Participants were drawn from the Australian National Health and Medical Research Council volunteer twin registry in two twin panels. The 1981 twin panel (born in 1900–1964) was surveyed by mailed questionnaire in 1980–1981 and was reassessed in 1988–1989 (N=8,315) (Hannah et al., 1985; Heath et al., 1994; Jardine and Martin, 1984). The 1989 young adult twin cohort (born in 1964–1971) was assessed by questionnaire in 1989 and by follow-up interview in 1996–2000 (N=5,034) (Heath et al., 2001). All studies were approved by the Queensland Institute of Medical Research Human Research Ethics Committee. Subjects included in our analyses were from both 1981 and 1989 twin panels that completed questionnaires in the 1989 survey. There were 4,264 same-sex MZ female twins, 2,976 DZ female twins, 2,674 MZ male twins, 2,100 DZ male twins, and 3,995 unlike-sex DZ female/male twins. Eighty twin pairs had missing zygosity data and were not included in analyses. In addition to collecting questionnaire data from twins, relatives of twins, including parents, siblings, spouse/partners, and adult children of twins were invited to participate in the study. A questionnaire was administered to these participants (N=19,411). Among them, there were 2,617 fathers, 3,227 mothers, 3,885 spouses, 6,803 siblings, and 2,862 children of twins participated in assessments. Further details regarding ascertainment and sample characteristics are reported elsewhere (Heath et al., 1995; Lake et al., 2000). In brief, this twin sample represented typical Australian population in many respects including the prevalence of psychiatric symptoms (Kendler et al., 1986), but had slightly more middle class and educated males (Baker et al., 1996).

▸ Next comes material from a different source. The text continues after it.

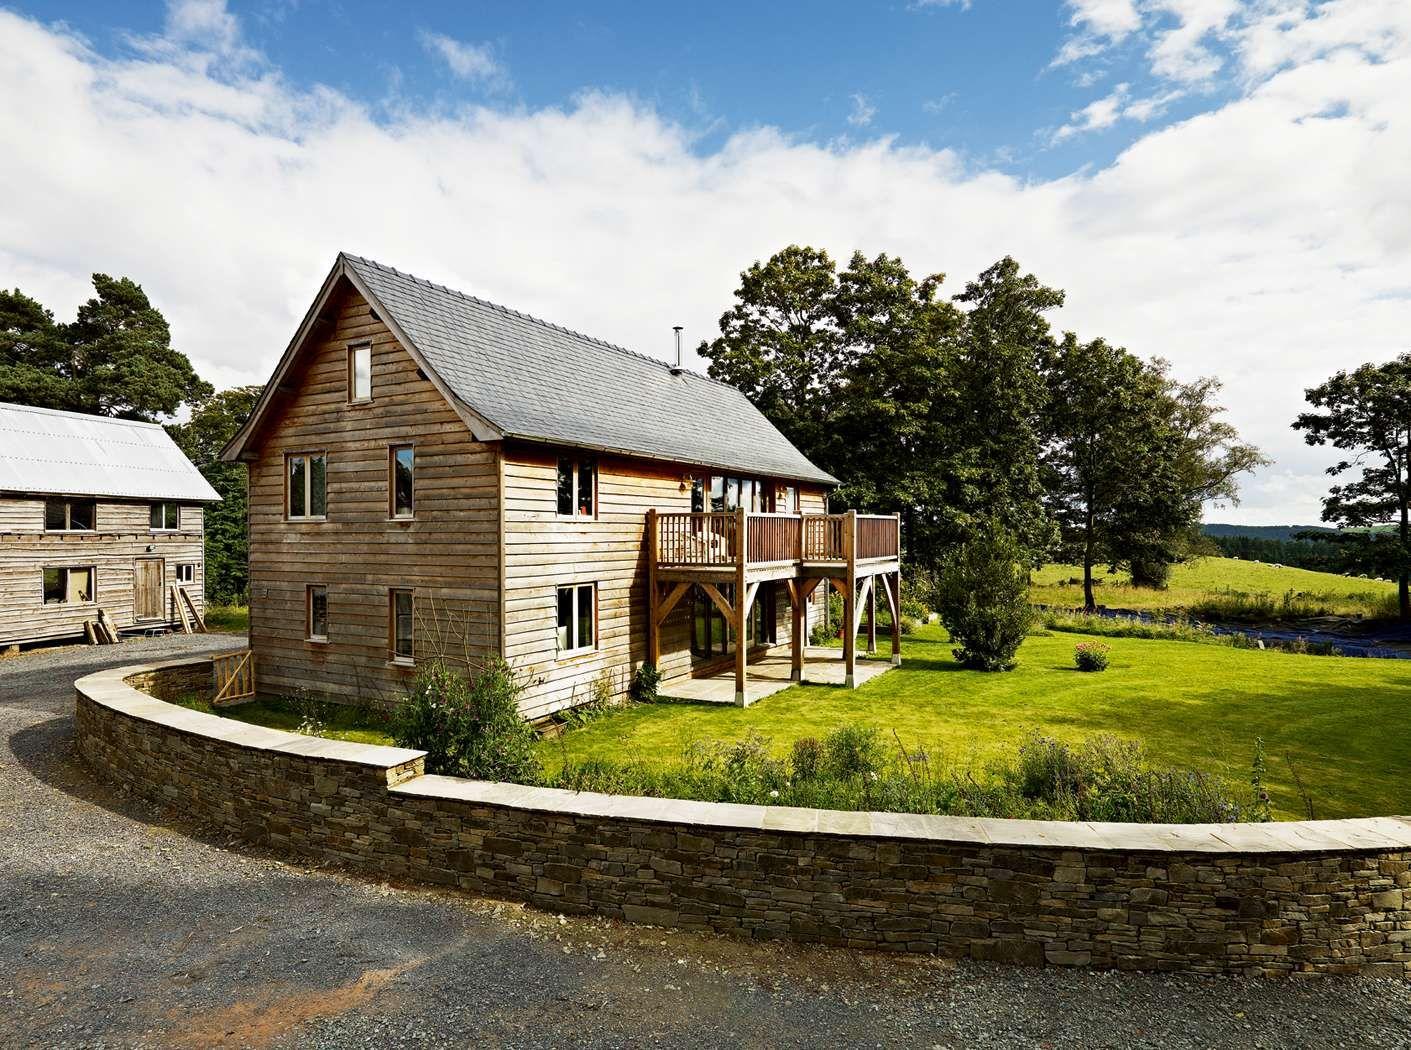 Captivating Amazing Low Cost Self Build | Homebuilding U0026 Renovating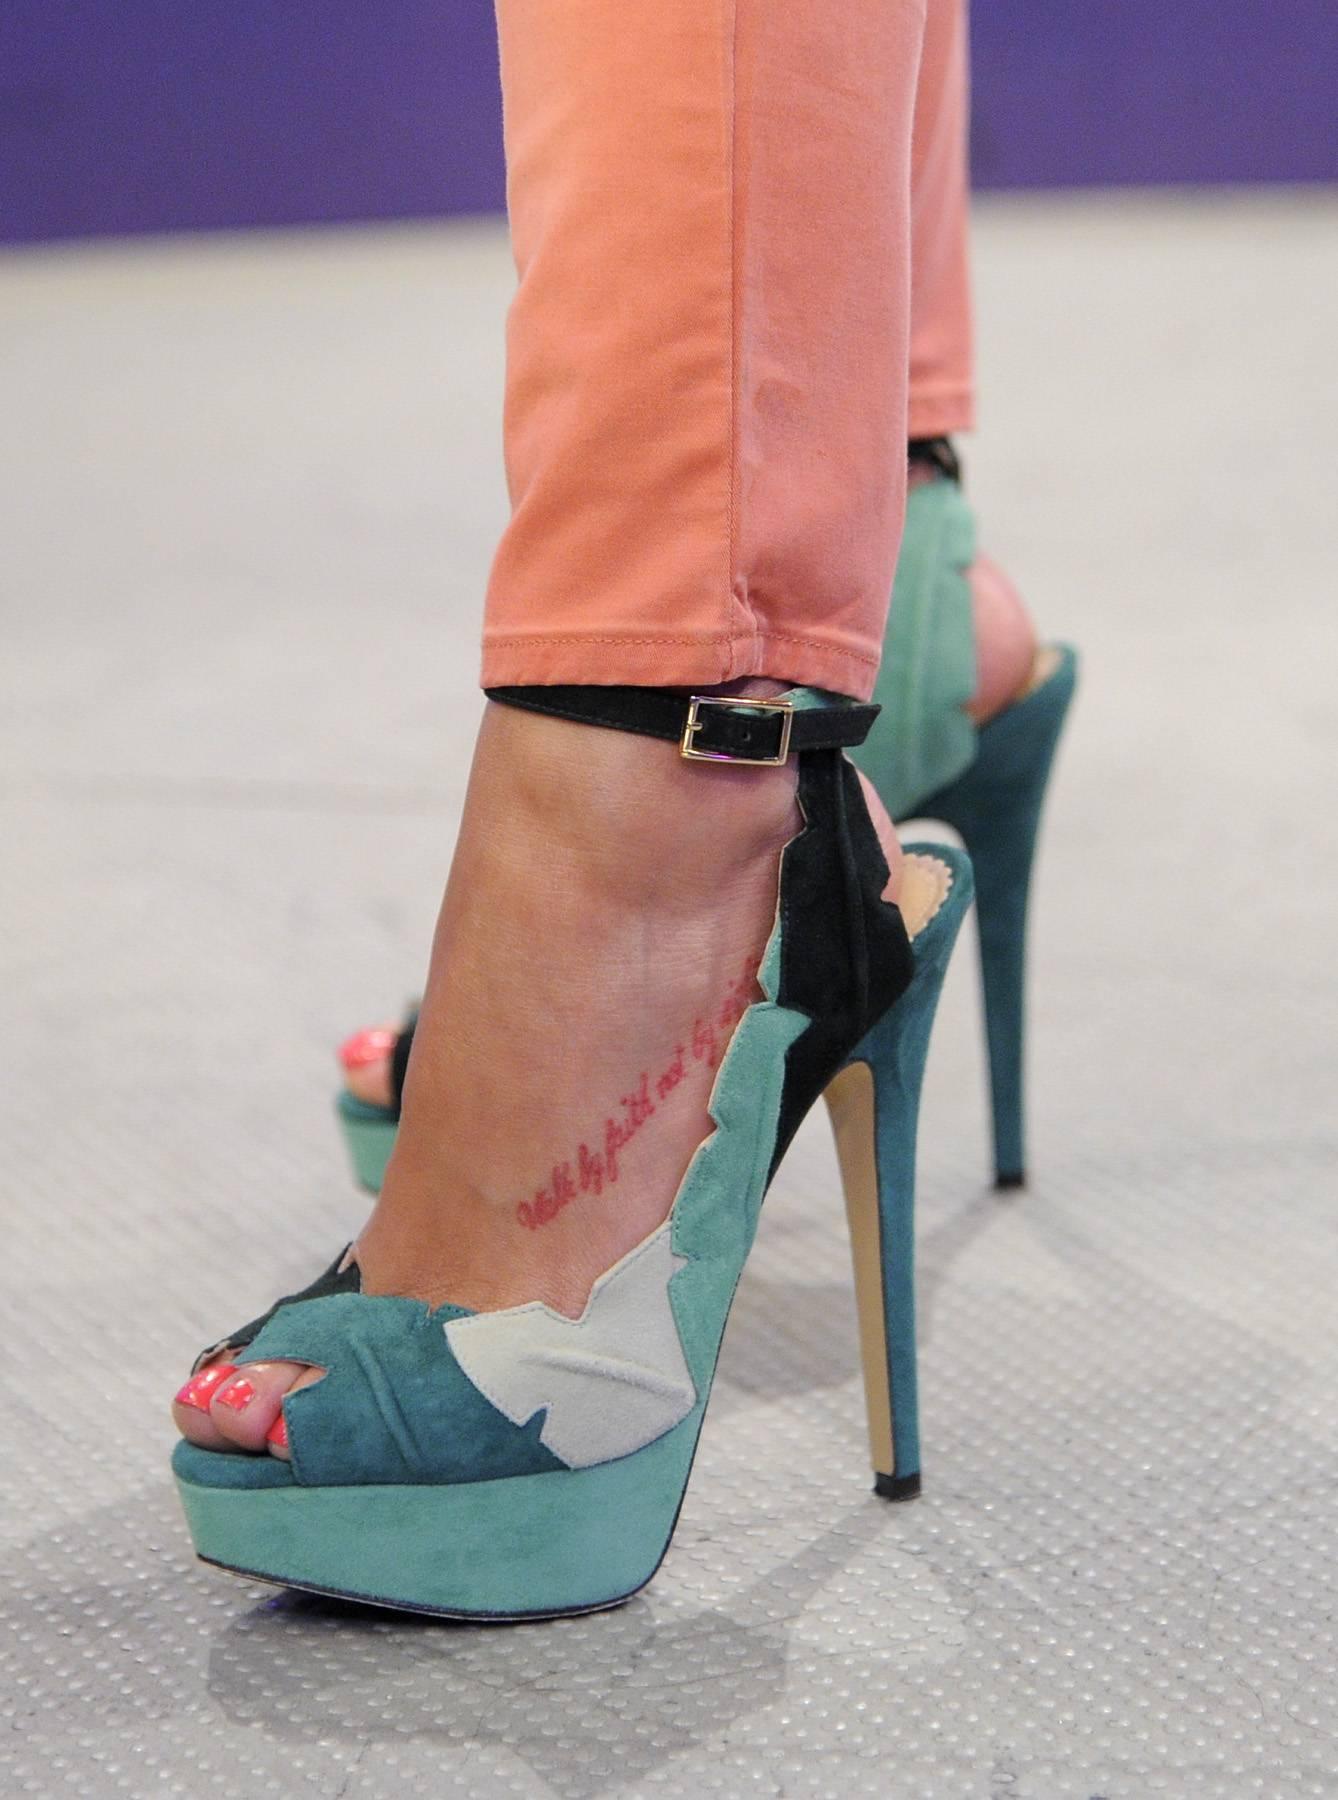 Stilts - Nobody rocks a pair of high, high, high heels like Rocsi does!(Photo: John Ricard/BET)

The mean ages (standard deviation) for twin generation were 33.8 (14.1) for 10263 females and 32.7 (13.3) for 8762 males (overall ranged from 18–90 years). For twin’s parents, the mean ages were 59.3 for mothers and 60.8 for fathers (overall ranged from 27–91 years). Because of the wide range of twins’ age, the magnitude of birth cohort effects in smoking behavior was assessed by grouping twins (and their spouses) into one of seven birth cohorts: 1964–1971 (and all twins in 1989 cohort), 1956–1963, 1948–1955, 1940–1947, 1932–1939, 1924–1931, and pre-1923.

2.2. Measures

Participants completed a series of instruments, including self-reported smoking behavior, lifestyle, personality, drinking habits, attitude, and sociodemographic variables. Smoking related items in questionnaires applied to both twin panels in the 1989 survey were the same and have been described in detail elsewhere (Heath et al., 1995). Smoking status was based on item which operationalized as 1) Never smoked, 2) Ex-smoker, or 3) Current smoker. Participants were asked to classify their smoking habits according to this item, as well as their twin (where relevant), mother, father and partner when they were alive.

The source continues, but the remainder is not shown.